[Items listed in a dataset]
══════════════════════════════
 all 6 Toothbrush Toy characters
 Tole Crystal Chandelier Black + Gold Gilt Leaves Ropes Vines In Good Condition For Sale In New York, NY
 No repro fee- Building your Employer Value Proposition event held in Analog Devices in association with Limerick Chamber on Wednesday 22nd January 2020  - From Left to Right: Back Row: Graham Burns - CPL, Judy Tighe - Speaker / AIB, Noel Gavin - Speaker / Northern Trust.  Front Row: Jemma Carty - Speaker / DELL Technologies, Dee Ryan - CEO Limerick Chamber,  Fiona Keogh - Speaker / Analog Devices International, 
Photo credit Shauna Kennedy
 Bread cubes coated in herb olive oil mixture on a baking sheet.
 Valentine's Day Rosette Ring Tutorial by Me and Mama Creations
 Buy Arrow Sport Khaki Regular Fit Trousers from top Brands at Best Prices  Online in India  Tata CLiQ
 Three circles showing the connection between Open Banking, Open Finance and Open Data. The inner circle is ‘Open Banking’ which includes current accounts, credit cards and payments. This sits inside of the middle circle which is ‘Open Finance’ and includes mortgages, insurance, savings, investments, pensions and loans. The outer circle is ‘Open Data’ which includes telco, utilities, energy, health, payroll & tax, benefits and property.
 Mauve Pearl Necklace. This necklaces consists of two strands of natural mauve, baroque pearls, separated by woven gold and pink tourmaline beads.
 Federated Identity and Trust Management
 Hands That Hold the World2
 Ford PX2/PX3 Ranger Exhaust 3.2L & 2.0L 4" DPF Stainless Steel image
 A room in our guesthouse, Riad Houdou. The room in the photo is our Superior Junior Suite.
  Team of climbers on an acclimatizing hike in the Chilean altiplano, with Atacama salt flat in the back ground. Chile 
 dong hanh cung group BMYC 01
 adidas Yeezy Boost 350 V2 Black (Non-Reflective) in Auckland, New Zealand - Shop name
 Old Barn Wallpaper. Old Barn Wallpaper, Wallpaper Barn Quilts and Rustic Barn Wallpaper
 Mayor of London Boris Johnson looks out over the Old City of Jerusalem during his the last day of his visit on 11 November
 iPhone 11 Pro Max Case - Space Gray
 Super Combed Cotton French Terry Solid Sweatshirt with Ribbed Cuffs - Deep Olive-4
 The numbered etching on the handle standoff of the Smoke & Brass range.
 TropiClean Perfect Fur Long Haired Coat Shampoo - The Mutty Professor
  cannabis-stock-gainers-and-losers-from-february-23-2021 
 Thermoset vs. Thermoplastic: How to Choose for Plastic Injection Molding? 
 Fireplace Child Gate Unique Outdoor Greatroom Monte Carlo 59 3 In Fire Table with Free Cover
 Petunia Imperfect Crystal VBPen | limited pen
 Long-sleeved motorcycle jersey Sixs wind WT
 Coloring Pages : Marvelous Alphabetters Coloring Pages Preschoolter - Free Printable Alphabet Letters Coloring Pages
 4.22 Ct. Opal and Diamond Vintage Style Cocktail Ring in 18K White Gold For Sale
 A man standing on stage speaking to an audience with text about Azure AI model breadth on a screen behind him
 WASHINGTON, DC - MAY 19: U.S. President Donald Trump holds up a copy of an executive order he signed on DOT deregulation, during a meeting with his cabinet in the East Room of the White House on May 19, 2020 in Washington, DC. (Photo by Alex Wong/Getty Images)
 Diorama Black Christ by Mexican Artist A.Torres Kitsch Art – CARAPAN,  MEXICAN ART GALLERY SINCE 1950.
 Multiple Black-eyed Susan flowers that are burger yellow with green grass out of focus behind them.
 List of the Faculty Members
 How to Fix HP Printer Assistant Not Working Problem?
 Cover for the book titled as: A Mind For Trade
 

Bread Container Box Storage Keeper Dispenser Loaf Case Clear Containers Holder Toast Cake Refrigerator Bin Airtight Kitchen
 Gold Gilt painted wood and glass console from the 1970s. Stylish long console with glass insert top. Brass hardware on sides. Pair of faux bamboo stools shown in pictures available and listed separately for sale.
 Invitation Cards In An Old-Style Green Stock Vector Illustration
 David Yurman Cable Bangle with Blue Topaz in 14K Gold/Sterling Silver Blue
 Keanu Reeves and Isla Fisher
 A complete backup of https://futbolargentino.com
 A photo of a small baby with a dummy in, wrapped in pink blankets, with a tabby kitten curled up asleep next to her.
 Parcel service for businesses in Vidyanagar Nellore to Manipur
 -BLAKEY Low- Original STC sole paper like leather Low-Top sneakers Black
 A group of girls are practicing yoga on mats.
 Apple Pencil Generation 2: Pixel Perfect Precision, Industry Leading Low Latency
══════════════════════════════
## WHAT THIS TASK INVOLVES
Repeat the lines from the first one in the records through the line containing "A room in our", exactly as written, and nothing else.

## EXERCISE OUTPUT
 all 6 Toothbrush Toy characters
 Tole Crystal Chandelier Black + Gold Gilt Leaves Ropes Vines In Good Condition For Sale In New York, NY
 No repro fee- Building your Employer Value Proposition event held in Analog Devices in association with Limerick Chamber on Wednesday 22nd January 2020  - From Left to Right: Back Row: Graham Burns - CPL, Judy Tighe - Speaker / AIB, Noel Gavin - Speaker / Northern Trust.  Front Row: Jemma Carty - Speaker / DELL Technologies, Dee Ryan - CEO Limerick Chamber,  Fiona Keogh - Speaker / Analog Devices International, 
Photo credit Shauna Kennedy
 Bread cubes coated in herb olive oil mixture on a baking sheet.
 Valentine's Day Rosette Ring Tutorial by Me and Mama Creations
 Buy Arrow Sport Khaki Regular Fit Trousers from top Brands at Best Prices  Online in India  Tata CLiQ
 Three circles showing the connection between Open Banking, Open Finance and Open Data. The inner circle is ‘Open Banking’ which includes current accounts, credit cards and payments. This sits inside of the middle circle which is ‘Open Finance’ and includes mortgages, insurance, savings, investments, pensions and loans. The outer circle is ‘Open Data’ which includes telco, utilities, energy, health, payroll & tax, benefits and property.
 Mauve Pearl Necklace. This necklaces consists of two strands of natural mauve, baroque pearls, separated by woven gold and pink tourmaline beads.
 Federated Identity and Trust Management
 Hands That Hold the World2
 Ford PX2/PX3 Ranger Exhaust 3.2L & 2.0L 4" DPF Stainless Steel image
 A room in our guesthouse, Riad Houdou. The room in the photo is our Superior Junior Suite.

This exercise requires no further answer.